— Милый, хороший ты мой! Он приласкал ее.
— Не плачь, дорогая моя, не стоят они того. Ты все слышала?
— Слышала… Спасибо тебе, голубчик!
Она сквозь слезы улыбнулась. Потом с беспокойством выглянула в окошко.
— Ах, Лева, уж смерклось, а сегодня праздник: много пьяных. Догнать бы тебе девиц, проводить до извозчика?
— Но, Машенька…
— Прошу тебя, друг мой, — перебила она его, — зачем зло воздавать тем же? Сделай это для меня, успокой меня.
Поцеловав ее в знак послушания, Ластов взял шляпу, сорвал в прихожей с гвоздя пальто и пустился в погоню за ушедшими.
Сбежав на улицу, он осмотрелся: направо в отдалении мелькало еще светло-ситцевое платье Бредневой, налево, за углом улицы, скрывалась высокая фигура Наденьки. Подумав с секунду, он взял налево.

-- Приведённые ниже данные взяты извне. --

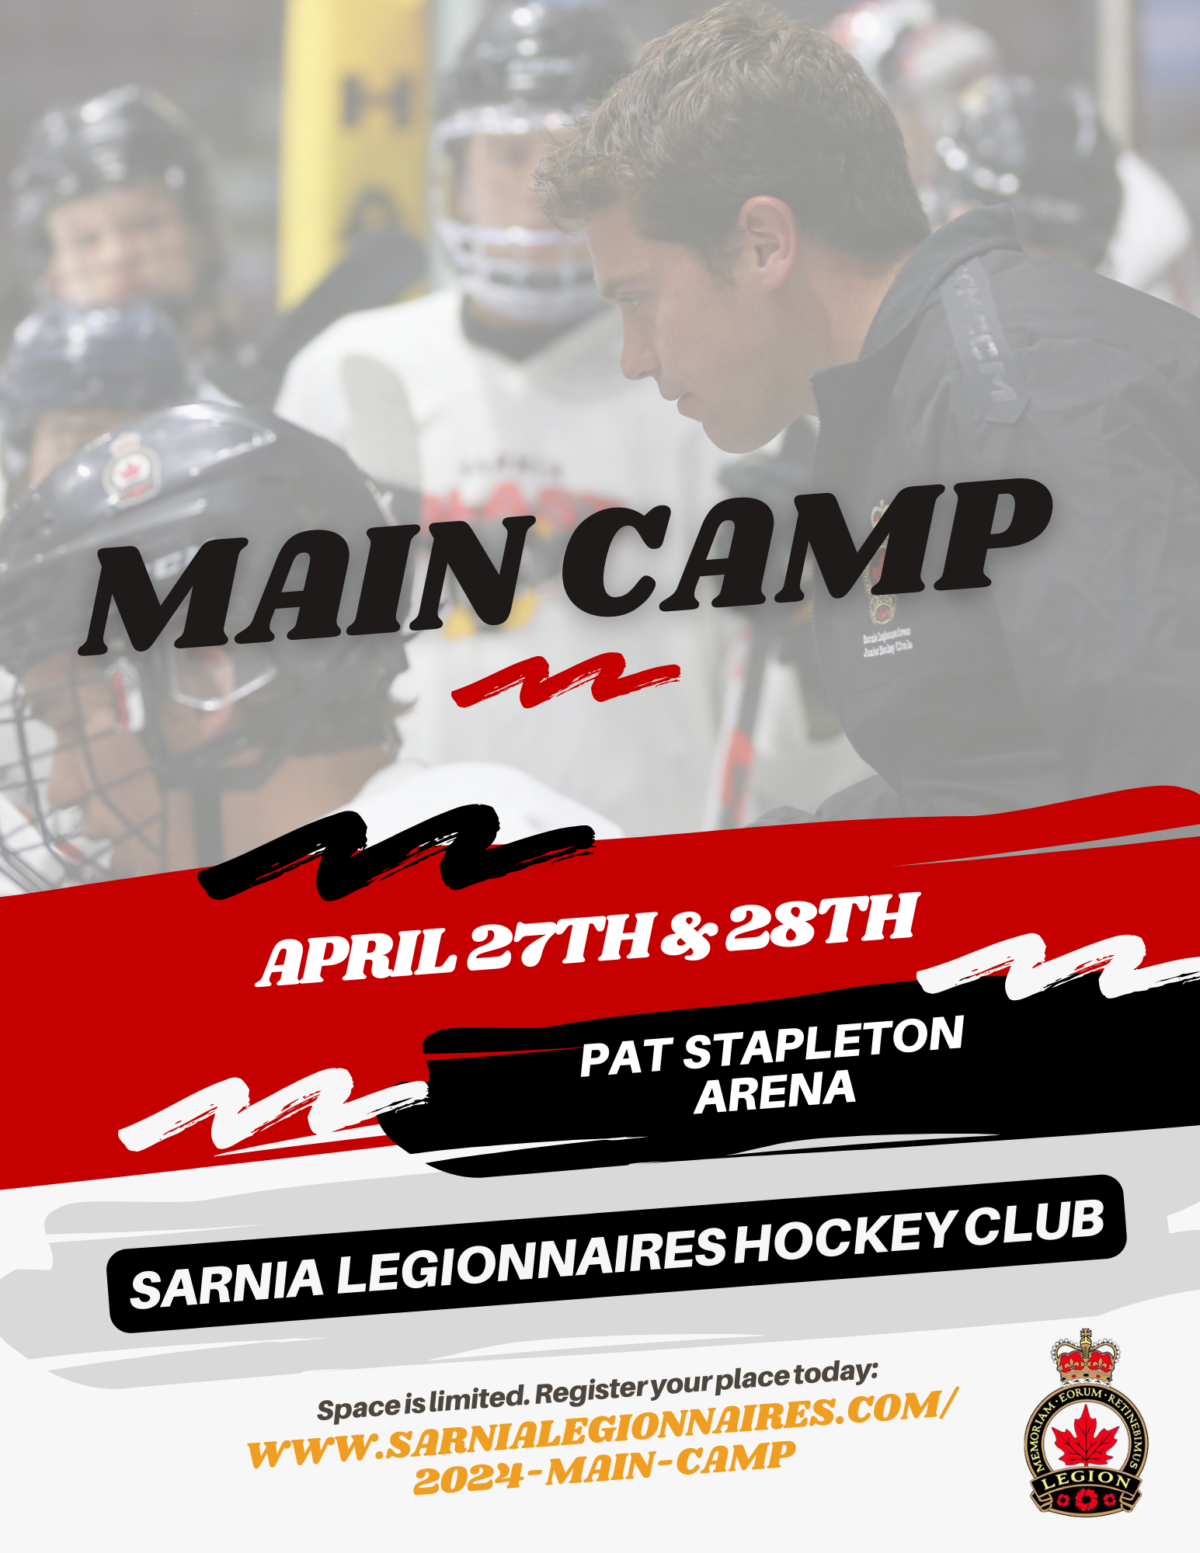 Main Camp is almost here

Когда он поравнялся со студенткой, та оглянулась на него большими глазами, но молча прибавила только шагу.
— Я хочу проводить вас до извозчика, — сказал Ластов.

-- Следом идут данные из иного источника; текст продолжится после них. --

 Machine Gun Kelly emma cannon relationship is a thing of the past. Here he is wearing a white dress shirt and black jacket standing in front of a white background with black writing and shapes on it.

— Могли бы и не делать себе труда.
— Мари просила меня.
— Поздравляю!
— С чем?
— С башмаком, под которым успели уже очутиться. Учитель не счел нужным отвечать.
Днем был ливень, и в неровностях панели кое-где стояли еще небольшие лужи. Ластов посмотрел на обувь девушки.
— Вы, кажется, без калош?
— Да, без. Так же, как и вы, бес, леший! Оба замолчали.

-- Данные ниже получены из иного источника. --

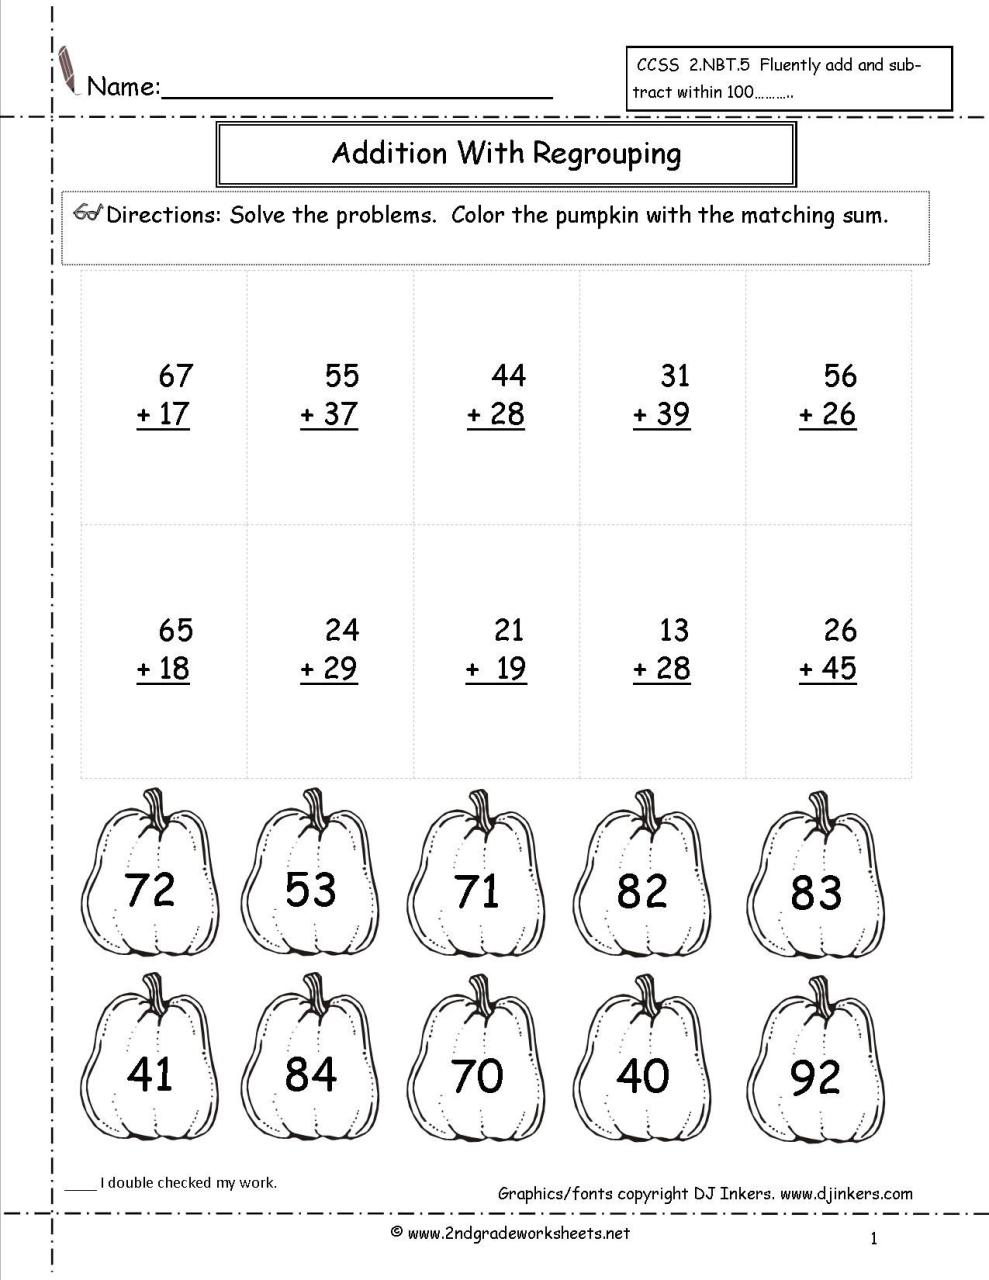 Double Digit Addition With Regrouping

— У вас, Лев Ильич, — заговорила тут Наденька, — как у средневекового рыцаря, есть, разумеется, альбом?
— Есть.
— Что же вы не попросили нас начертать вам прощальную элегию?
— Потому что вы отказались бы.
— Нет, я имела даже наготове что написать вам. Хотите, я вам скажу теперь на словах?
— Как вам угодно.
— А! Ну, так и ненужно, — обиделась девушка. Он пожал плечами.
— Как знаете.
Они сделали еще шагов двадцать молча.
— Хотите или не хотите, — не утерпела студентка, — а я все-таки скажу вам. Слушайте:
«Так-то вы, г-н паладин, остаетесь верны своему знамени и девизу — избранной даме сердца? А что, если она вас только пытала? Но не волнуйтесь поздним раскаяньем, все это шутки. Если дама остается глуха к серенадам миннезингера, он в полном праве возгореть к другой: не даром же дрова жечь. Чтобы, однако, отпустить вас не с совершенно пустыми руками, могу сказать вам pour la bonne bouche [44] несколько приятностей. Во-первых, вы прехорошенький, милованчик, одно слово. Приятно? Во-вторых, вы добрейшая душа, преблагонравный, преблагородный. Приятно? В-третьих, вы очень неглупый, начитанный малый, подающий положительные надежды сделаться однажды почтенным pater familias [45] и — самодурчиком. Приятно? Но будет с вас. Farewell [46]! Пребываем к вам по-прежнему благосклонны, но без сердечных содроганий.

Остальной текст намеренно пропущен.